The agreement that Focus Education LLC and the FTC entered into required the company change its claims, specifically ordering that the company cannot claim that the product improves children’s ability to focus or perform well in school and that they it doesn’t make any permanent improvement to children’s mental functions.

In describing the entire decision to take action against Focus Education LLC, Lesley Fair, a senior attorney with the Federal Trade Commission’s Bureau of Consumer Protection, said other companies should learn from what the agency did in this case.

More companies seem to be marketing products with bold promises of improved cognition. Some target parents interested in giving toddlers the best start.
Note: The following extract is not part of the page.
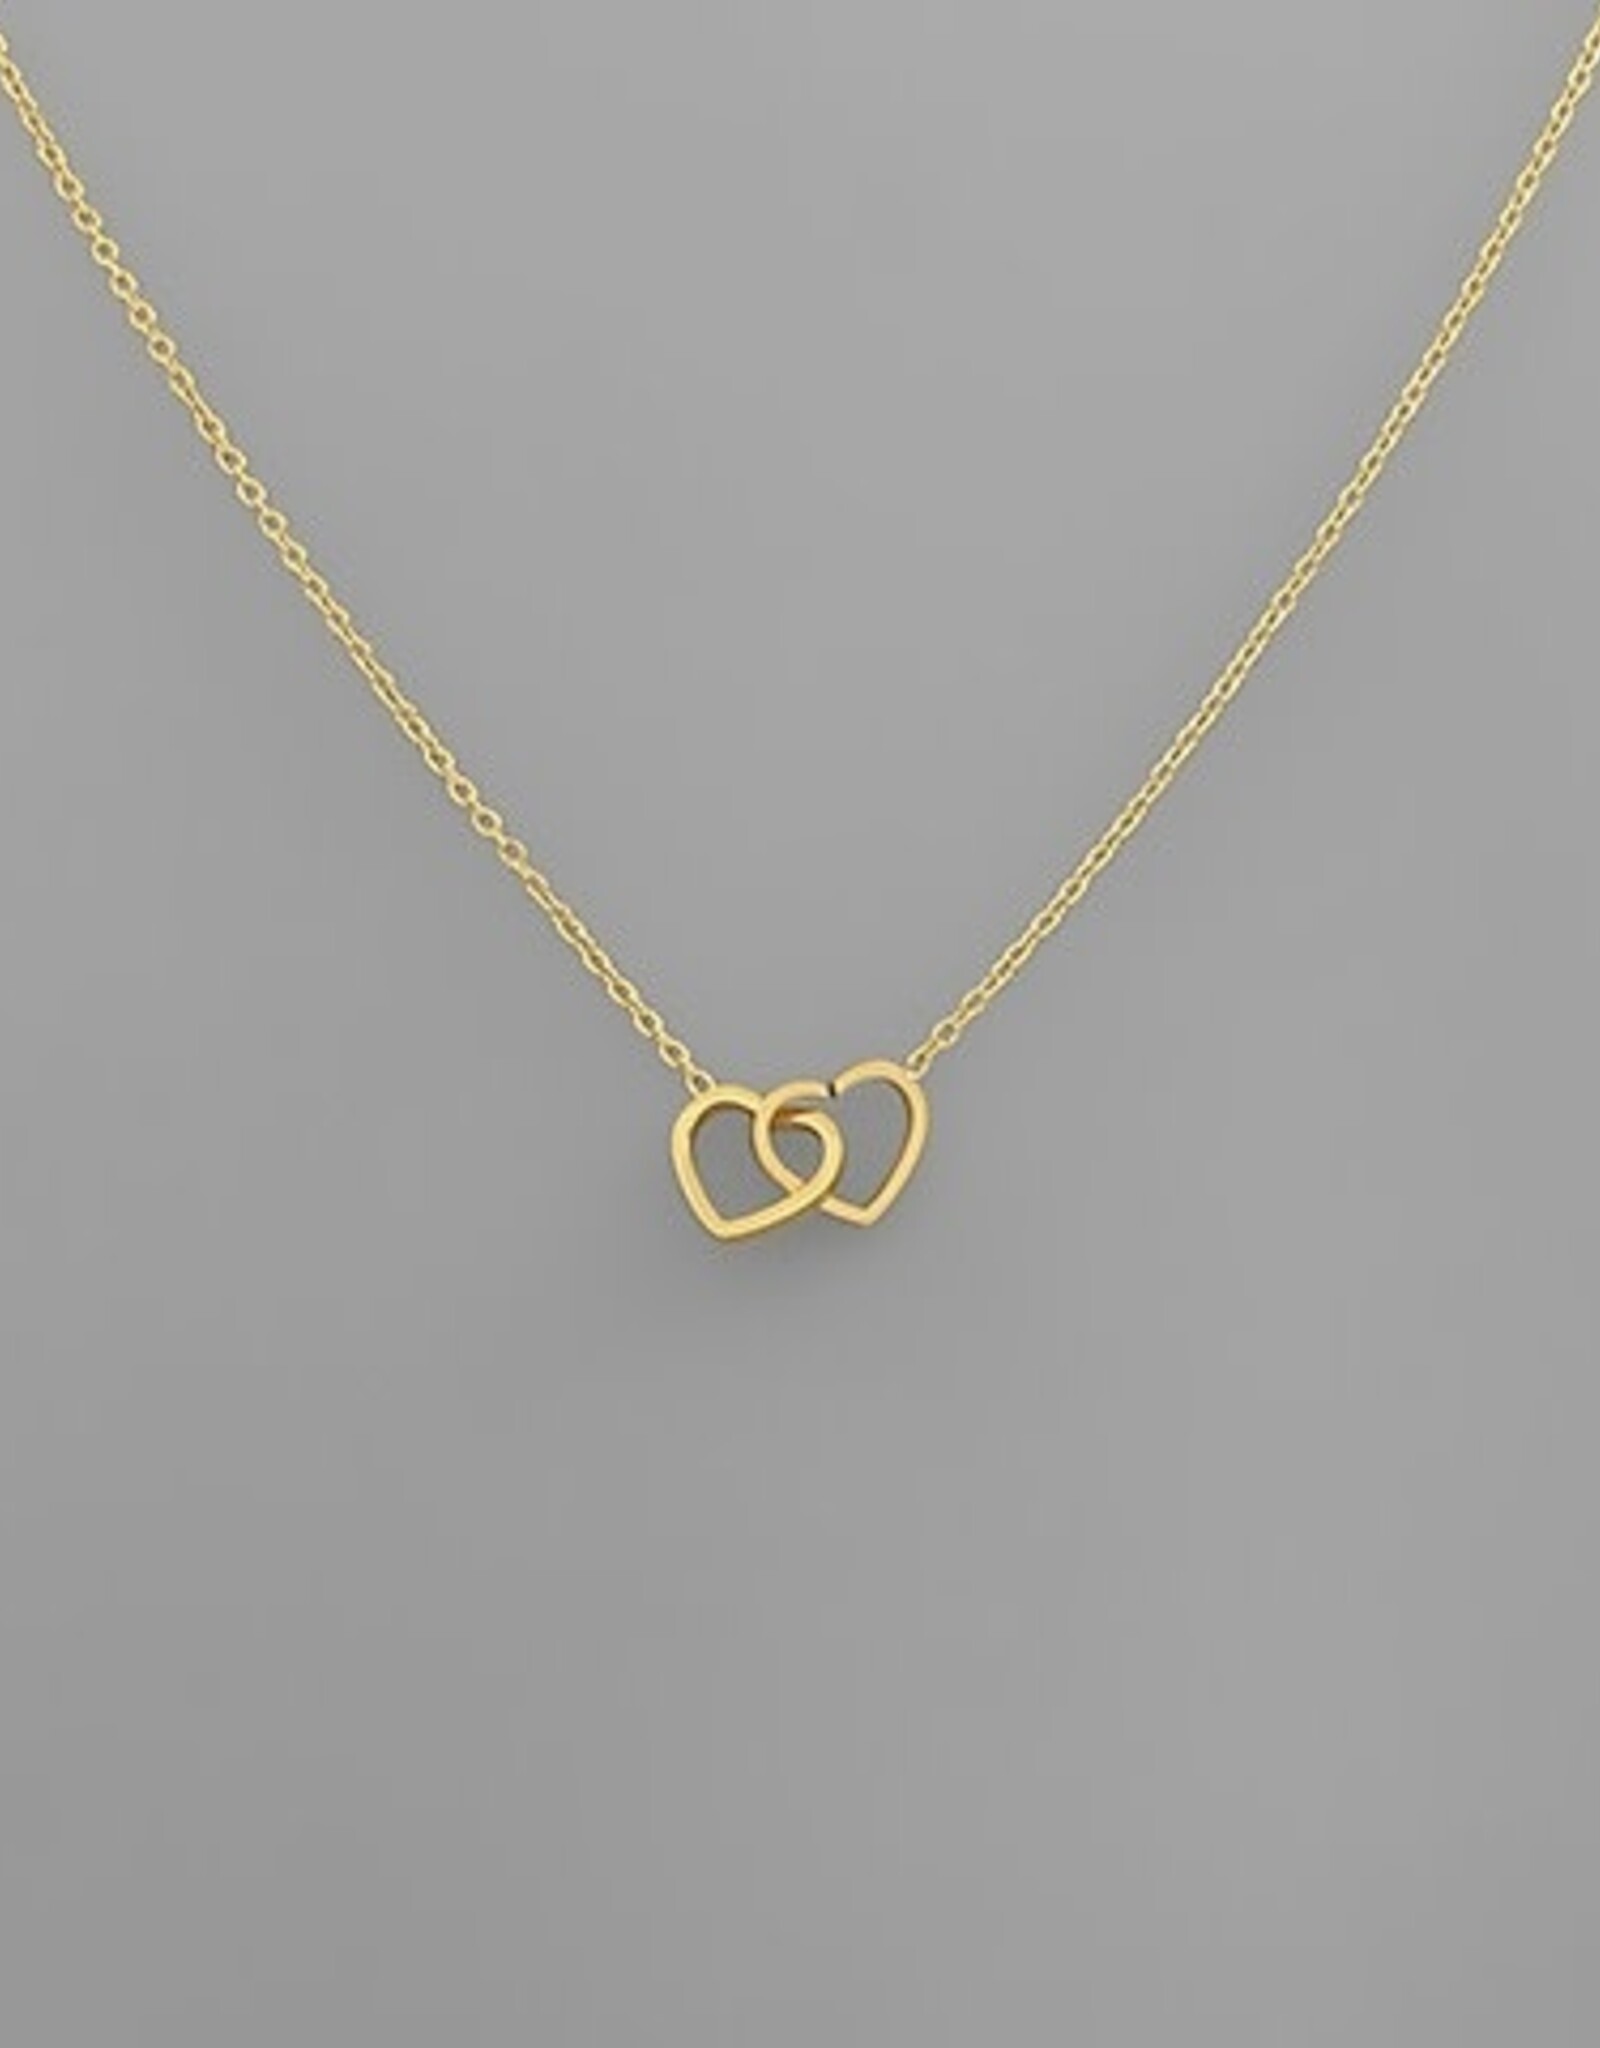 Heart Pendant for Women Valentines Special Golden Dual Heart Chain Pendant  Gold plated Pendant Necklace for Girls & Women

Others focus on school performance… The FTC’s message is clear: Companies need sound science to support cognition claims. For savvy marketers, that should be a no-brainer.

Lesley Fair, Federal Trade Commission’s Bureau of Consumer Protection

The FTC’s targeting of companies that market games to parents that claim to help children develop cognitive skills and build strong neuro-pathways comes after neuroscientists themselves have called on adult brain-trainers to stop making what they say are unsubstantiated claims.

A group of 70 published a statement last October that read, in part, ““We object to the claim that brain games offer consumers a scientifically grounded avenue to reduce or reverse cognitive decline when there is no compelling scientific evidence to date that they do.”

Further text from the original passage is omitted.